Set down exactly the first line of the entries and every line after it, through the line with "Natural (Green Stem)".
== DATA FOR THIS TASK
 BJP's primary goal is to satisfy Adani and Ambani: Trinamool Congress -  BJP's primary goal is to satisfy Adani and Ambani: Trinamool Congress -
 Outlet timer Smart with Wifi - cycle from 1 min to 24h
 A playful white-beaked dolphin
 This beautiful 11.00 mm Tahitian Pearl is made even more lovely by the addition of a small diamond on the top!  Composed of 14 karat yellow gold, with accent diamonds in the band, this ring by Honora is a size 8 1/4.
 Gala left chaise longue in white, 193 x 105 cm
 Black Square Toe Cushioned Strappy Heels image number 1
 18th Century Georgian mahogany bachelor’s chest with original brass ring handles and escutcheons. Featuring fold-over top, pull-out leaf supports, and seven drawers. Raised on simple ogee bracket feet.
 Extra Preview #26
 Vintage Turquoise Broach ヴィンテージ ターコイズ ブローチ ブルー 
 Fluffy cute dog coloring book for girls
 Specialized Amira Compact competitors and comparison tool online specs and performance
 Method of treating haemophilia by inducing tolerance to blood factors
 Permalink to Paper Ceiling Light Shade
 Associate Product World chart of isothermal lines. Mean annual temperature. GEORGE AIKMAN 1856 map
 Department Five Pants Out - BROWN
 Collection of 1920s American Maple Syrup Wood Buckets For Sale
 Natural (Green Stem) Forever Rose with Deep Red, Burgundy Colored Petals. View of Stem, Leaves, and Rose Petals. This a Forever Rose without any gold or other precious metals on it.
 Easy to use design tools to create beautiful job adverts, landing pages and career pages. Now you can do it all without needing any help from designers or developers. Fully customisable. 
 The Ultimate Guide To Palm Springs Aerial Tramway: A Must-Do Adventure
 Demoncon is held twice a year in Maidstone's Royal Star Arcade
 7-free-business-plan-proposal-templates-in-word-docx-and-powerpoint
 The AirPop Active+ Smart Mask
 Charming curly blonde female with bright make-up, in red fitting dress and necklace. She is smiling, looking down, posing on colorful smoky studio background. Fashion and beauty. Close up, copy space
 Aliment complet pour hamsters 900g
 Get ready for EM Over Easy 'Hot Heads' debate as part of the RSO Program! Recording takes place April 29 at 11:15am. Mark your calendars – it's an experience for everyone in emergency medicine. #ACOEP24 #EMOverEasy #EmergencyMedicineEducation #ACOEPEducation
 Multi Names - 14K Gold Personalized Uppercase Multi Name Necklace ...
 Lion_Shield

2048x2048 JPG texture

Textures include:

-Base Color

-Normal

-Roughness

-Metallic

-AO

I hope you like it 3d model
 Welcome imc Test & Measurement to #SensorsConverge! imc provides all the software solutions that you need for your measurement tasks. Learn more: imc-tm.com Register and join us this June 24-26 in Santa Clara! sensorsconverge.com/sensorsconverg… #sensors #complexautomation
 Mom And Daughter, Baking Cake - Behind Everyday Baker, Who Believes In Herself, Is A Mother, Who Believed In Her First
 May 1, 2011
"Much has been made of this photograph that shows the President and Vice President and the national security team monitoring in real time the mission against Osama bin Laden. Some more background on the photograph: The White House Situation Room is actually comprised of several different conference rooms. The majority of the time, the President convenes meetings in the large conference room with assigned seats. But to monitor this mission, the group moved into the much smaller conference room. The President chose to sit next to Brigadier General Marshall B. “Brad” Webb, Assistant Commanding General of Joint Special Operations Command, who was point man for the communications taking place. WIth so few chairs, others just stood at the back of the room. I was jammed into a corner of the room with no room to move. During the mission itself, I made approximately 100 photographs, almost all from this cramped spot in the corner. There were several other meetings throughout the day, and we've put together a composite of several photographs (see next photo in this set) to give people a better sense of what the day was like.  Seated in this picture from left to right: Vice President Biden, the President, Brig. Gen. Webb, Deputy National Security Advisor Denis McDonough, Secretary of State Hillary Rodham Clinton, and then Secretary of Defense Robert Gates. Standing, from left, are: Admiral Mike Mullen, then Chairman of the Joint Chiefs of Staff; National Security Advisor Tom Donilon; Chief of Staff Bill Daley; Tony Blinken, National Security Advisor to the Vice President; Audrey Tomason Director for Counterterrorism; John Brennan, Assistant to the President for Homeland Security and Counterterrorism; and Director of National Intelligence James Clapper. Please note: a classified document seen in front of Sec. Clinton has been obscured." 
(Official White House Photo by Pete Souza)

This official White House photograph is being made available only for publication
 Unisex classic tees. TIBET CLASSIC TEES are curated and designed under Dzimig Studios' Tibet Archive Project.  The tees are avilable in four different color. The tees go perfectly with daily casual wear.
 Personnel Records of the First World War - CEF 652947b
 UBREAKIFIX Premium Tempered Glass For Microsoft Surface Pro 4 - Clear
====
■ THE ANSWER:
 BJP's primary goal is to satisfy Adani and Ambani: Trinamool Congress -  BJP's primary goal is to satisfy Adani and Ambani: Trinamool Congress -
 Outlet timer Smart with Wifi - cycle from 1 min to 24h
 A playful white-beaked dolphin
 This beautiful 11.00 mm Tahitian Pearl is made even more lovely by the addition of a small diamond on the top!  Composed of 14 karat yellow gold, with accent diamonds in the band, this ring by Honora is a size 8 1/4.
 Gala left chaise longue in white, 193 x 105 cm
 Black Square Toe Cushioned Strappy Heels image number 1
 18th Century Georgian mahogany bachelor’s chest with original brass ring handles and escutcheons. Featuring fold-over top, pull-out leaf supports, and seven drawers. Raised on simple ogee bracket feet.
 Extra Preview #26
 Vintage Turquoise Broach ヴィンテージ ターコイズ ブローチ ブルー 
 Fluffy cute dog coloring book for girls
 Specialized Amira Compact competitors and comparison tool online specs and performance
 Method of treating haemophilia by inducing tolerance to blood factors
 Permalink to Paper Ceiling Light Shade
 Associate Product World chart of isothermal lines. Mean annual temperature. GEORGE AIKMAN 1856 map
 Department Five Pants Out - BROWN
 Collection of 1920s American Maple Syrup Wood Buckets For Sale
 Natural (Green Stem) Forever Rose with Deep Red, Burgundy Colored Petals. View of Stem, Leaves, and Rose Petals. This a Forever Rose without any gold or other precious metals on it.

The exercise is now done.